The efficacy data are encouraging, noted Mark Garofoli, PharmD, MBA, BCGP, CPE, CTTS, a clinical pain and addiction pharmacist at the West Virginia University Integrative Pain Management Center, in Morgantown. “We need as many options as possible for our patients in pain,” including the judicious use of opioids to manage chronic pain, said Dr. Garofoli, who also serves on the BPS Pain Management Specialty Council.
As for the attention garnered by the suzetrigine approval, it is warranted, Dr. Garofoli said. “This medication has caught more headlines than anyone in the pain realm would have anticipated, and rightfully so,” he said. Like Dr. Mathew, Dr. Garofoli is excited by the opportunity to offer a nonaddictive acute pain medication to his patients.
Given the ongoing scars of the opioid crisis, Dr. Garofoli believes that suzetrigine could sometimes be a hard sell to providers or patients, despite its nonopioid formulation. “People see pain medication and they immediately think addiction,” he said.
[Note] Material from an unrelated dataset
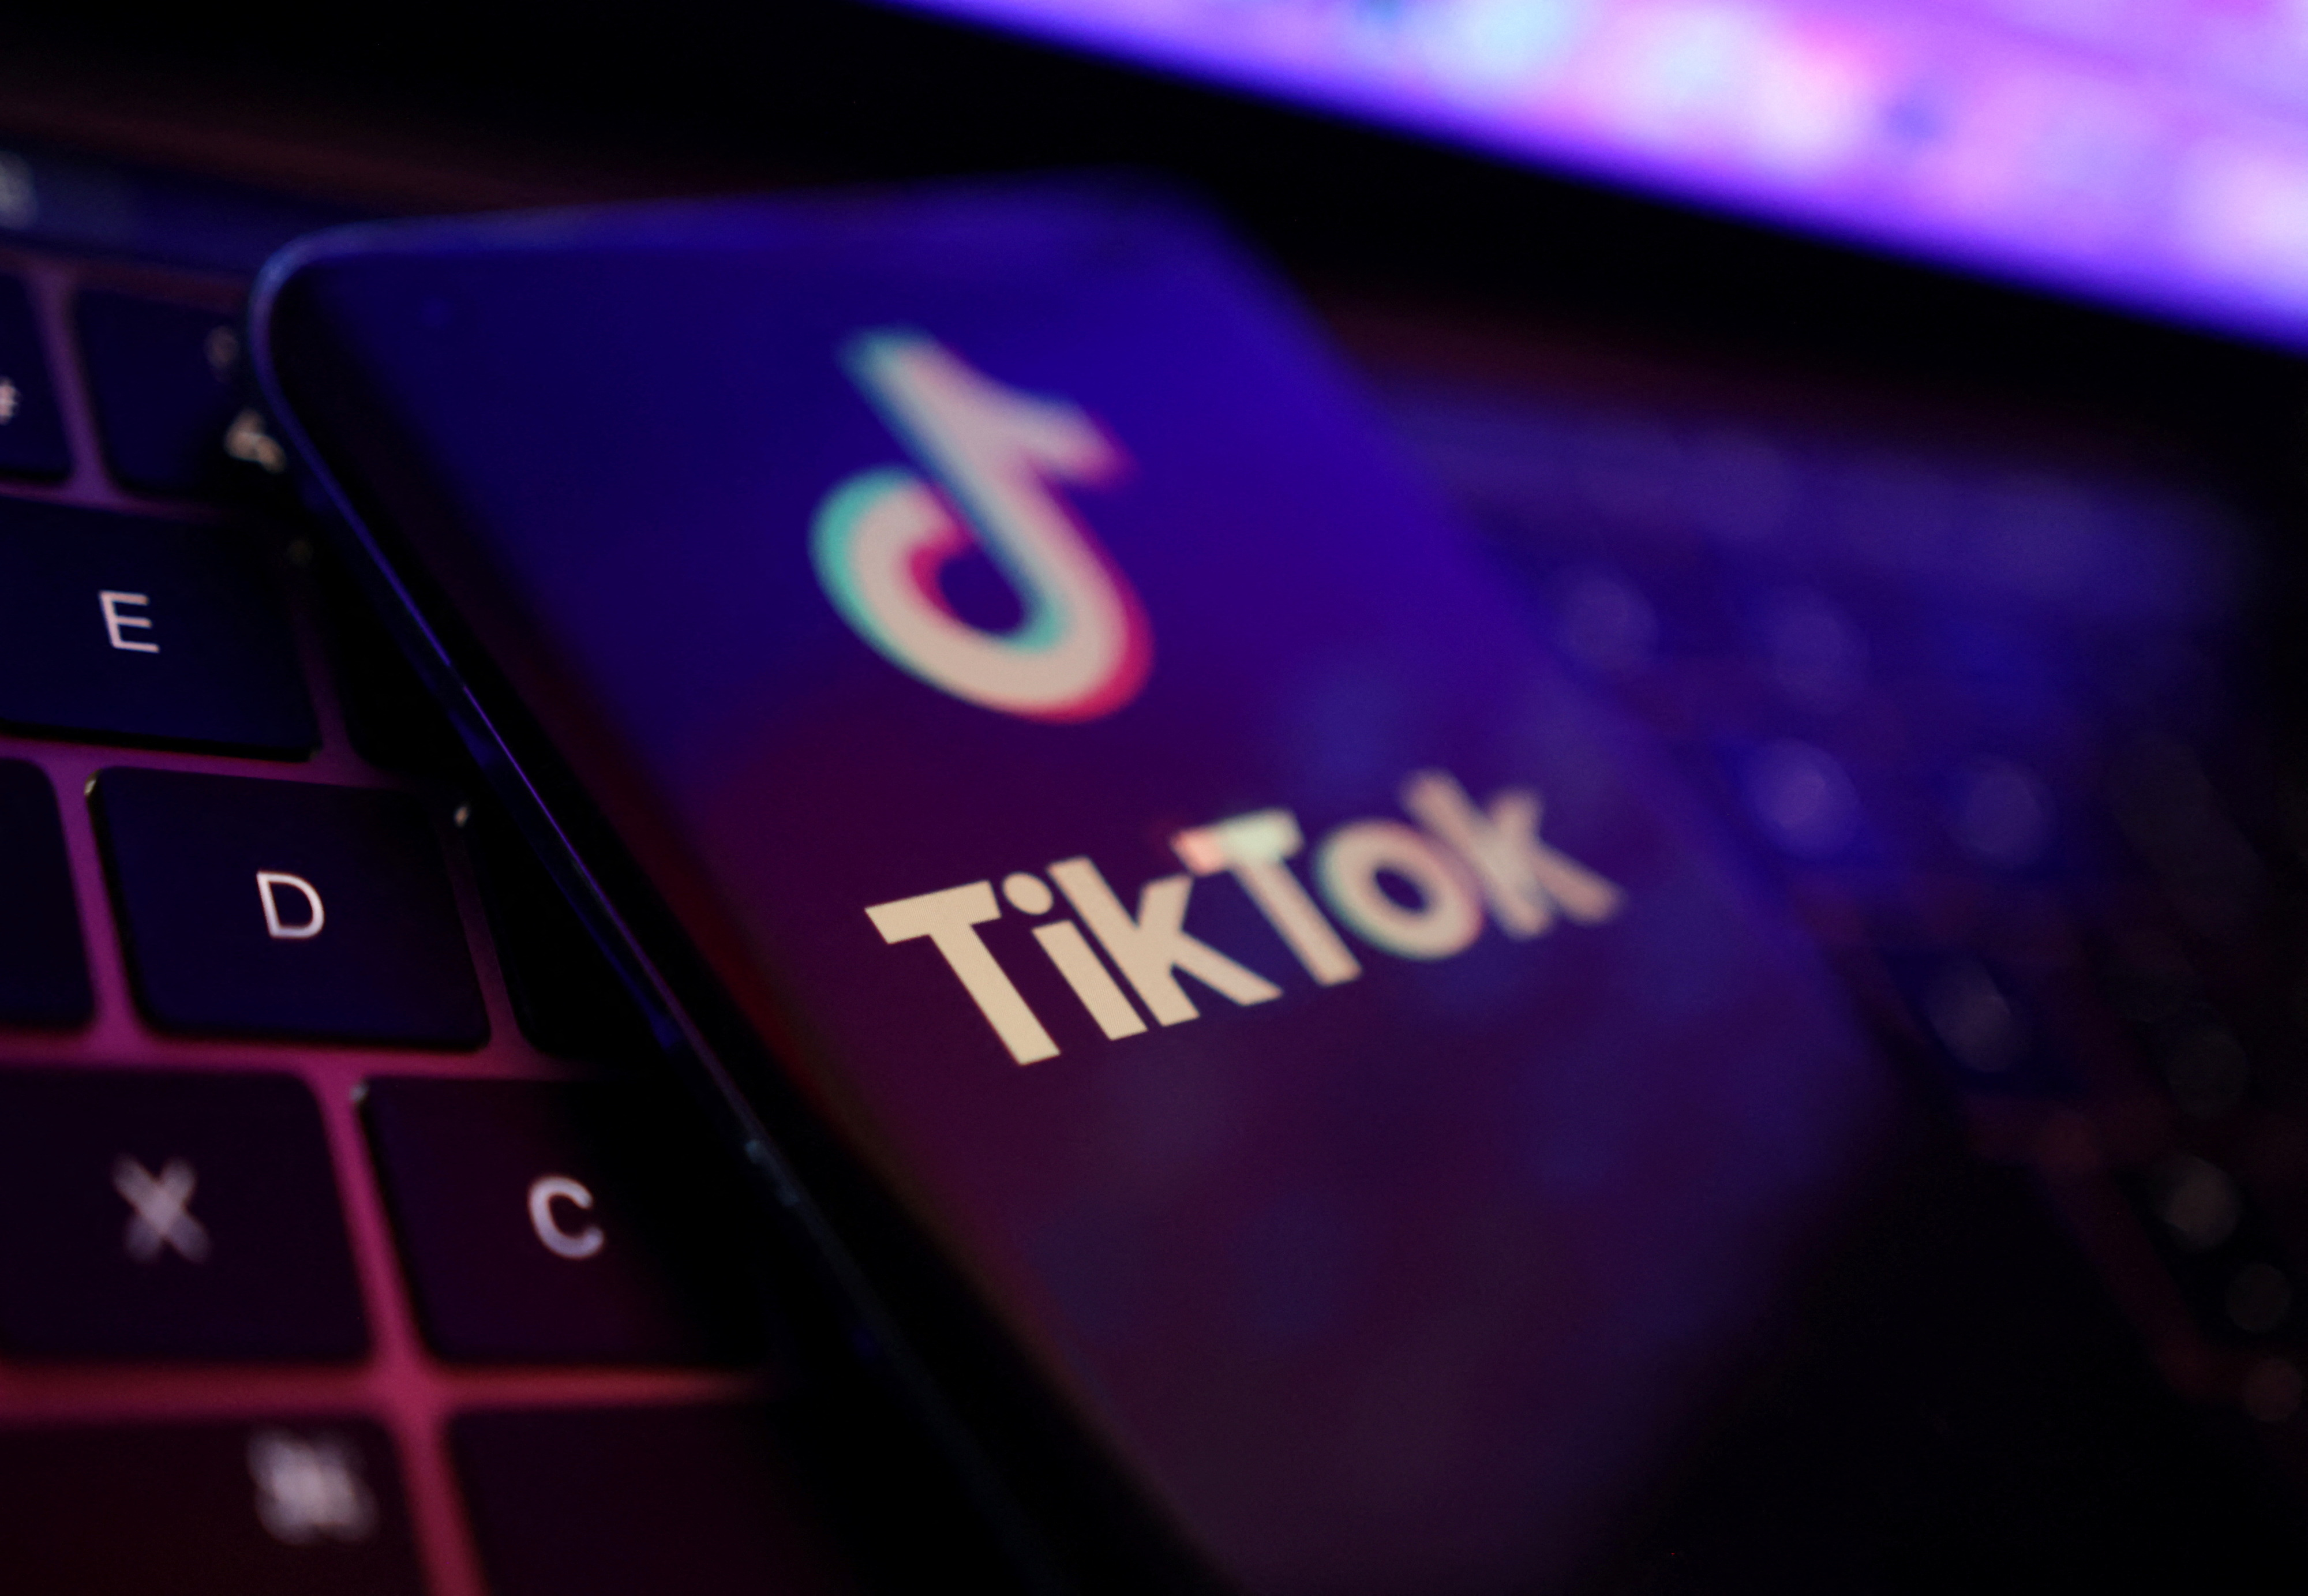 La red más usada fue TikTok, utilizada por el 89% de los niños. Un 57% aseguró acudir a Instagram, el 17% utilizó el foro Reddit y menos del 2% accedía a Facebook (REUTERS)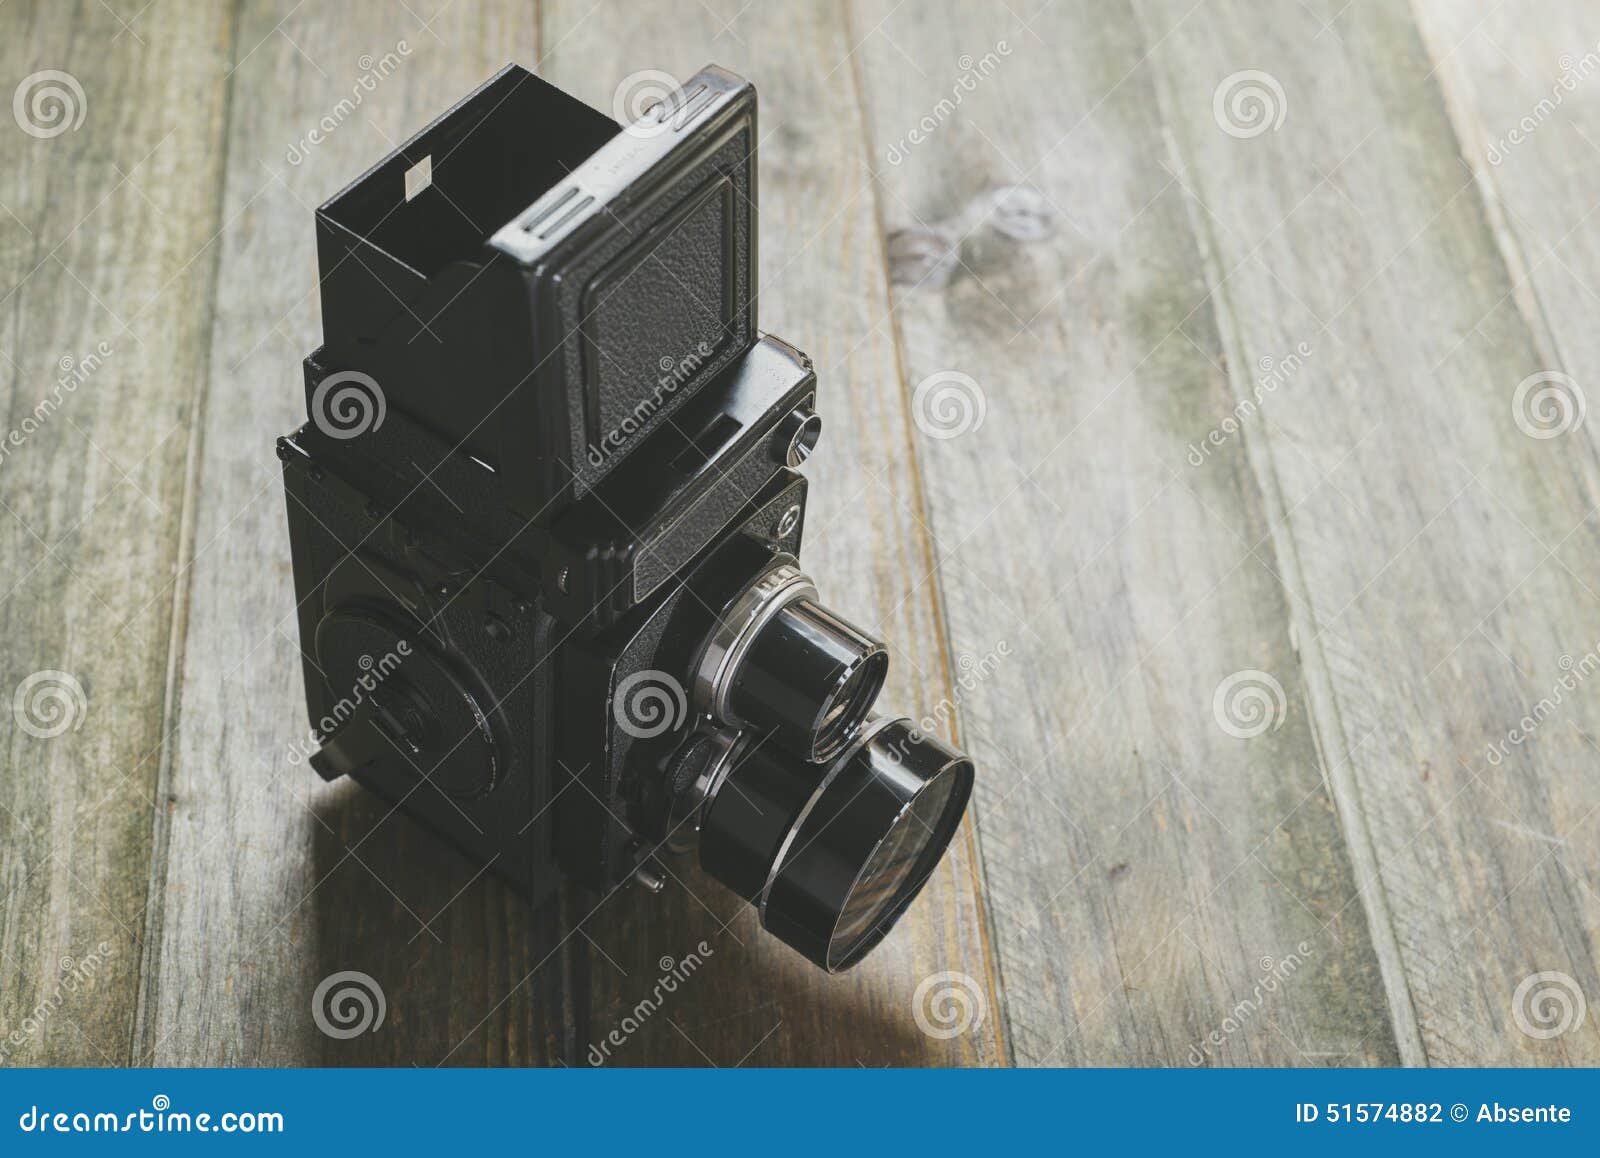 摄象机镜头反射孪生. 老牌照相机特写镜头;中等格式6x6 cm

But he stressed that opioids will always have some role in pain management. During his career, Dr. Garofoli has seen the pendulum swing between what he perceived as overreliance on opioids and an excessive fear of them. For now at least, suzetrigine is only indicated for acute pain, whereas for chronic conditions, low- to moderate-risk opioid dosages are sometimes still necessary, he noted. “We need to use all the tools in our toolbox as appropriate.”
Anesthesiologist Sees Promise And Challenges
Although suzetrigine inhibits the flow of pain signals via its effects on the NaV1.8 voltage-gated sodium channel, its effectiveness could be limited because other sodium channels (NaV1.1 through 1.9) also transmit pain signals, noted Steven P. Cohen, MD, the division chief of pain medicine at the Northwestern Feinberg School of Medicine, in Chicago. “There will be a ceiling effect,” said Dr. Cohen, who is also the president of the American Society of Regional Anesthesia and Pain Medicine.
In a recent editorial in BMJ Medicine (2025;4[1]:e001431), Dr. Cohen stressed that the true safety risks of suzetrigine will only become known over time. The FDA saw no untoward safety risks that prevented suzetrigine’s approval, but the history of pain medicine includes drugs that were thought to be safer than they were, he noted. For example, in his editorial, Dr. Cohen pointed out that celecoxib (Celebrex, Pfizer) was required to add a black box warning for cardiovascular and gastrointestinal risks soon after its 1998 approval.
Still, Dr. Cohen said he sees promise for suzetrigine, given its nonaddictive mechanism of action. He is a retired colonel, with an interest in lowering the addictive risks of pain medications for military personnel. Suzetrigine can aid in that effort, he said.
The sources reported no relevant financial disclosures.
This article is from the June 2025 print issue.